WORK ORDER:
The required result is every line of the records that includes "Leather".

[Stored entries]
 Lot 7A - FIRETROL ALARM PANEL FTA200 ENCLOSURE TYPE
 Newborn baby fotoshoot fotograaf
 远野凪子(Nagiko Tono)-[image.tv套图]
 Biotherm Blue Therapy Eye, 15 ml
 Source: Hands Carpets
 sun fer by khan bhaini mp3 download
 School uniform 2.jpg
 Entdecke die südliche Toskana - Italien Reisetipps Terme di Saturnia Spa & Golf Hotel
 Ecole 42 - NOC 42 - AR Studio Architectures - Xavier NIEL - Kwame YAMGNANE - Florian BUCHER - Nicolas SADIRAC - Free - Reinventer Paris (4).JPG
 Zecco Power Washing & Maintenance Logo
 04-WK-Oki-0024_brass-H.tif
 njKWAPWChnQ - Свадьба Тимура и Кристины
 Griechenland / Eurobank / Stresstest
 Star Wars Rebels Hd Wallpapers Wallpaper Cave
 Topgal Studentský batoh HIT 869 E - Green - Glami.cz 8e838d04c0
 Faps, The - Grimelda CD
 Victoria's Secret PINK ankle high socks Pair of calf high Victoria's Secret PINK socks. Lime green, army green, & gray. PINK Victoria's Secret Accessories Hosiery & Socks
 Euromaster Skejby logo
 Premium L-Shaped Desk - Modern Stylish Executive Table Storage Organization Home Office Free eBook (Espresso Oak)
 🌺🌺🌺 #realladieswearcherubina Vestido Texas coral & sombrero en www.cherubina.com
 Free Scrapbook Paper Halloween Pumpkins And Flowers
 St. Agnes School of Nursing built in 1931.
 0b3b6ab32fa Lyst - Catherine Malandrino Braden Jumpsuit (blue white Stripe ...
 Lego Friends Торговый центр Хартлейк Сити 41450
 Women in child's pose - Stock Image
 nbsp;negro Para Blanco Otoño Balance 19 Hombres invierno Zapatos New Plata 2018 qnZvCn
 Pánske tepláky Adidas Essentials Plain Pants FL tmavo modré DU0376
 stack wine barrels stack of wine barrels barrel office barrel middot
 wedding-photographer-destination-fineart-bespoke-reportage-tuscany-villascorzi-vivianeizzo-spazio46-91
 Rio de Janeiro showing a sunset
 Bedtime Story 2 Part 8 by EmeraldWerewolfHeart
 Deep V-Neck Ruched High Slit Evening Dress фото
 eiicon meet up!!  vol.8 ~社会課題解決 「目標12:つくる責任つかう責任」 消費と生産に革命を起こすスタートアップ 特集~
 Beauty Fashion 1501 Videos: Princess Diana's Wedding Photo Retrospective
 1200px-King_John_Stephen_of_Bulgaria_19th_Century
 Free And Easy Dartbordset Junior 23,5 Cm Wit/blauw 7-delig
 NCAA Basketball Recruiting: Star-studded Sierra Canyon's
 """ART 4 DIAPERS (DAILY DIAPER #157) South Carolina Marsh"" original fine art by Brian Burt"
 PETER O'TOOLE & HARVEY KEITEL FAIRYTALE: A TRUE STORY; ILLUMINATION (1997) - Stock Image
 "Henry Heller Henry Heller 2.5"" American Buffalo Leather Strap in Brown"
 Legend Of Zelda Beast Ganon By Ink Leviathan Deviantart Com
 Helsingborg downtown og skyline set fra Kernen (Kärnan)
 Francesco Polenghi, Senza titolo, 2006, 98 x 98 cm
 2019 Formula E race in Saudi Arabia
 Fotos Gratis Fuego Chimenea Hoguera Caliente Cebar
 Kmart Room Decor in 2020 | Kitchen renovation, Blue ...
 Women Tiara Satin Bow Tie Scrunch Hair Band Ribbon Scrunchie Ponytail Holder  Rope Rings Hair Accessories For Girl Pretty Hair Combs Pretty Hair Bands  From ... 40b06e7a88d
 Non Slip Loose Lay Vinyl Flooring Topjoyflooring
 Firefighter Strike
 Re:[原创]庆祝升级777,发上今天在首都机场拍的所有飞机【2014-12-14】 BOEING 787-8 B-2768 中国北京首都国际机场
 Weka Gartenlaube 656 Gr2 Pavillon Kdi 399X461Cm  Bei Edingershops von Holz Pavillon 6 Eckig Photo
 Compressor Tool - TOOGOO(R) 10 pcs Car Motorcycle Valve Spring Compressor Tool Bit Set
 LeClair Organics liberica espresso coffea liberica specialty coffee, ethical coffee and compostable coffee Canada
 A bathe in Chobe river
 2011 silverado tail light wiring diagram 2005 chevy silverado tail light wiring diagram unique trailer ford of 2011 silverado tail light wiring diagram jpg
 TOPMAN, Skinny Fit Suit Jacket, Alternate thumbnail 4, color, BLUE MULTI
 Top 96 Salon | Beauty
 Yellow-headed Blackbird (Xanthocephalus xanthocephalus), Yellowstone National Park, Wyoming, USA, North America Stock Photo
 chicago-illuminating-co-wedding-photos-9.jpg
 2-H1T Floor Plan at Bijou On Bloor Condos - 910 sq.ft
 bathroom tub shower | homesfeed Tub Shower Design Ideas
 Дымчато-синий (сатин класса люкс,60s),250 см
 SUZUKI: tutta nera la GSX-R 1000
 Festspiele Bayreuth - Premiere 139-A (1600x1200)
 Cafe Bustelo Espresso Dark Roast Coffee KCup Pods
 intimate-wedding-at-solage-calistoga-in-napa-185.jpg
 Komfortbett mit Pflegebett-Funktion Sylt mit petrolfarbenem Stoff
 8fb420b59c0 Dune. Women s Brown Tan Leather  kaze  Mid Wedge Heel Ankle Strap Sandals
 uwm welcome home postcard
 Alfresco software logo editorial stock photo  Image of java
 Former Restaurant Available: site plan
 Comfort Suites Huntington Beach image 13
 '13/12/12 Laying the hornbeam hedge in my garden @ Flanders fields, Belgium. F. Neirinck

RESPONSE TO THIS TASK:
 "Henry Heller Henry Heller 2.5"" American Buffalo Leather Strap in Brown"
 8fb420b59c0 Dune. Women s Brown Tan Leather  kaze  Mid Wedge Heel Ankle Strap Sandals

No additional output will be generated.